In private branching program (BP) and decision tree evaluation with constant communication round, there have been several works. The work in [21] evaluates BP with input encrypted by homomorphic public-key cryptosystem. However, it is impractical when the input feature vector is too large. After that, some evaluation protocols with constant communication round are proposed. In [22], the authors utilized additive homomorphic encryption (AHE) and OT for obliviously feature selection and converted the BP model into a secure program with Garble Circuits for comparison. Bost et al. [23] evaluated a decision tree with costly fully homomorphic encryption (FHE) by treating decision tree as a high-degree polynomial. The authors of [24] used OT to select leaf node and DGK protocol based on AHE instead of FHE for comparison. Raymond et al. [25] improved the work in [24] by representing decision tree as linear functions instead of high-degree polynomial form. They computed “path cost” of each leaf node and used it to decide which leaf node contains classification result. In [26], they reviewed prior constant-round approaches and proposed a modular construction from three constant-round sub-protocols: private feature selection, secure comparison, and oblivious path evaluation.

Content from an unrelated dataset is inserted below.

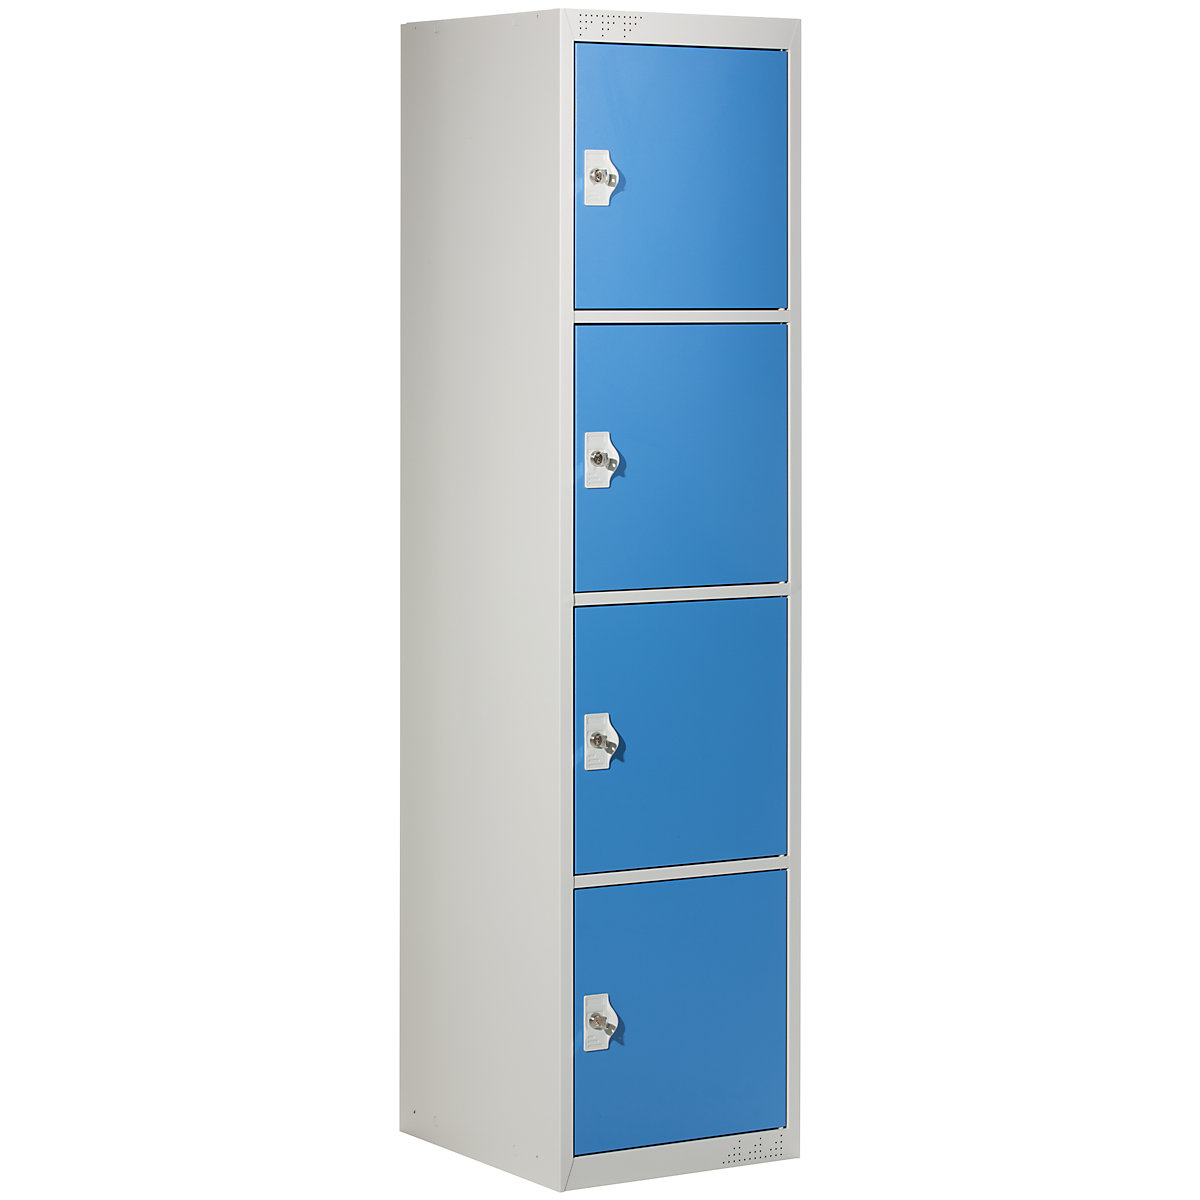 Vestiaire multicases avec 4 casiers verrouillables, h x l x p 1800 x 450 x 500 mm, gris clair / bleu clair, élément additionnel

7. Conclusion and Future Work

In this paper, we proposed a privacy-preserving anomaly detection platform for industrial control system. It depends on two main components, detection model and MPC protocol. We use GBDT and CART as anomaly detection models, which are able to detect anomaly with high accuracy. As information privacy is protected by laws and regulations in many countries, we adopt a MPC protocol that can detect network packages from ICS based on decision tree when sensitive data are invisible. The experimental results indicate that the proposed platform can detect anomaly on package level in real time with high accuracy.

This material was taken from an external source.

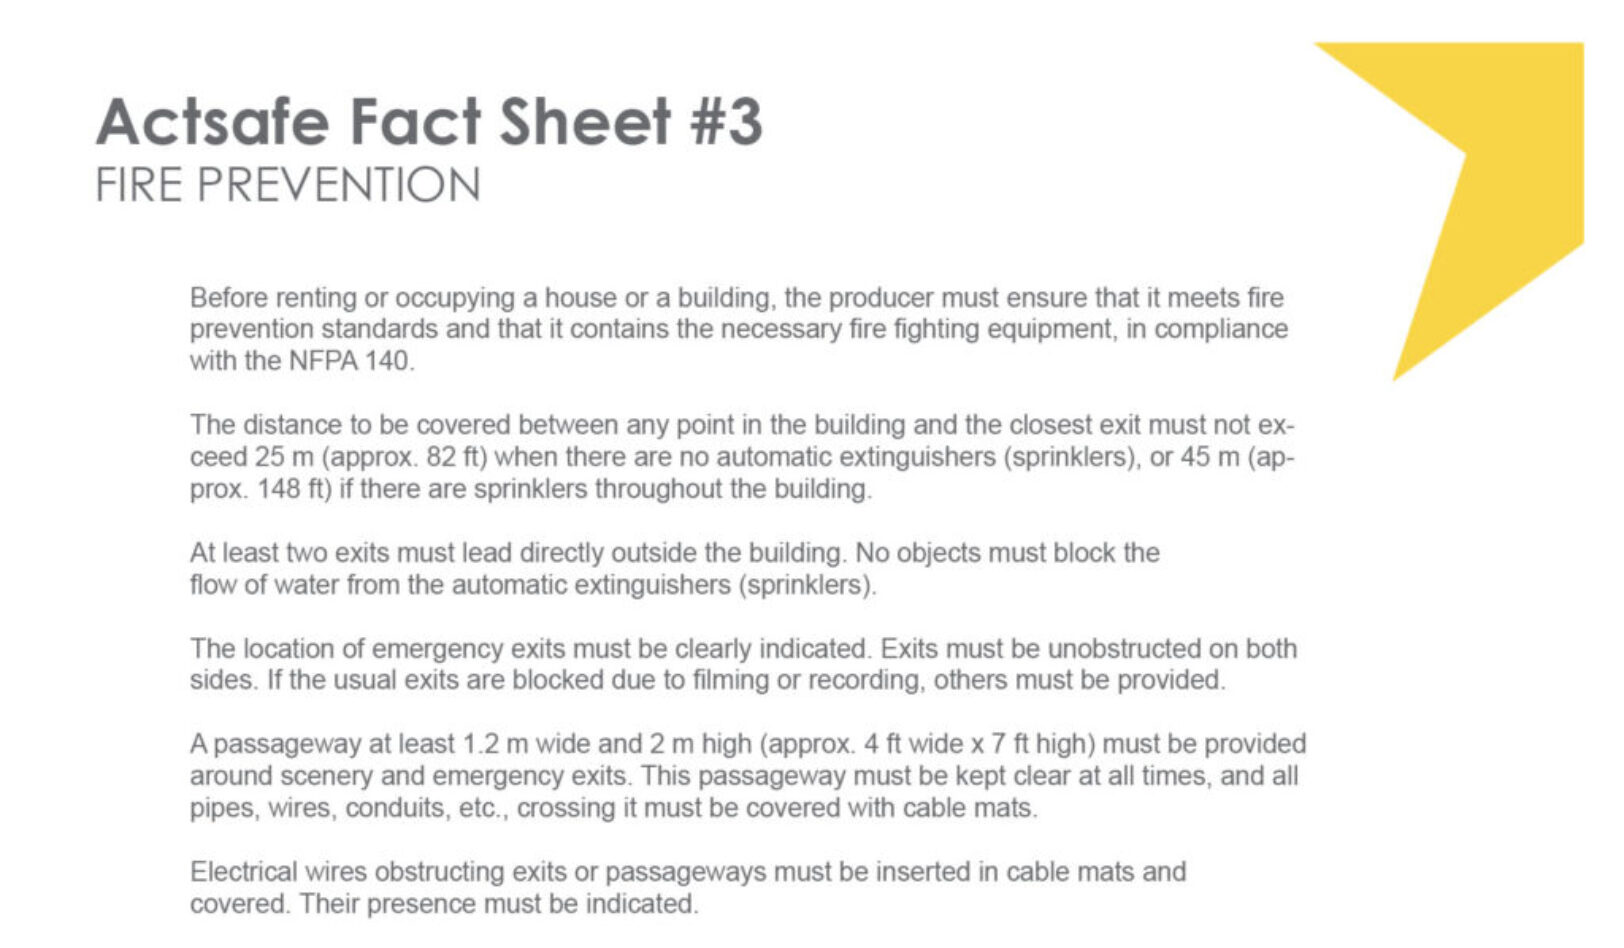 Fire Prevention Fact Sheet

Our platform can be developed in several ways in the future. Firstly, we plan to evaluate the performance of our platform in a simulated environment that resembles real environment. In addition, to make detection model more practical, it is necessary to use real data of ICS as training set. Lastly, we will utilize a privacy-preserving machine learning approach in training stage to ensure training data privacy.

Data Availability

The experiment data used to support the findings of this study are included within the article.

Conflicts of Interest

The authors declare that they have no conflicts of interest.

Acknowledgments

This study was supported by the National Key R&D Program of China (no. 2021YFB3101601), the National Natural Science Foundation of China (grant no. 62072401), and the Open Project Program of Key Laboratory of Blockchain and Cyberspace Governance of Zhejiang Province. This project was also supported by Input Output (iohk.io).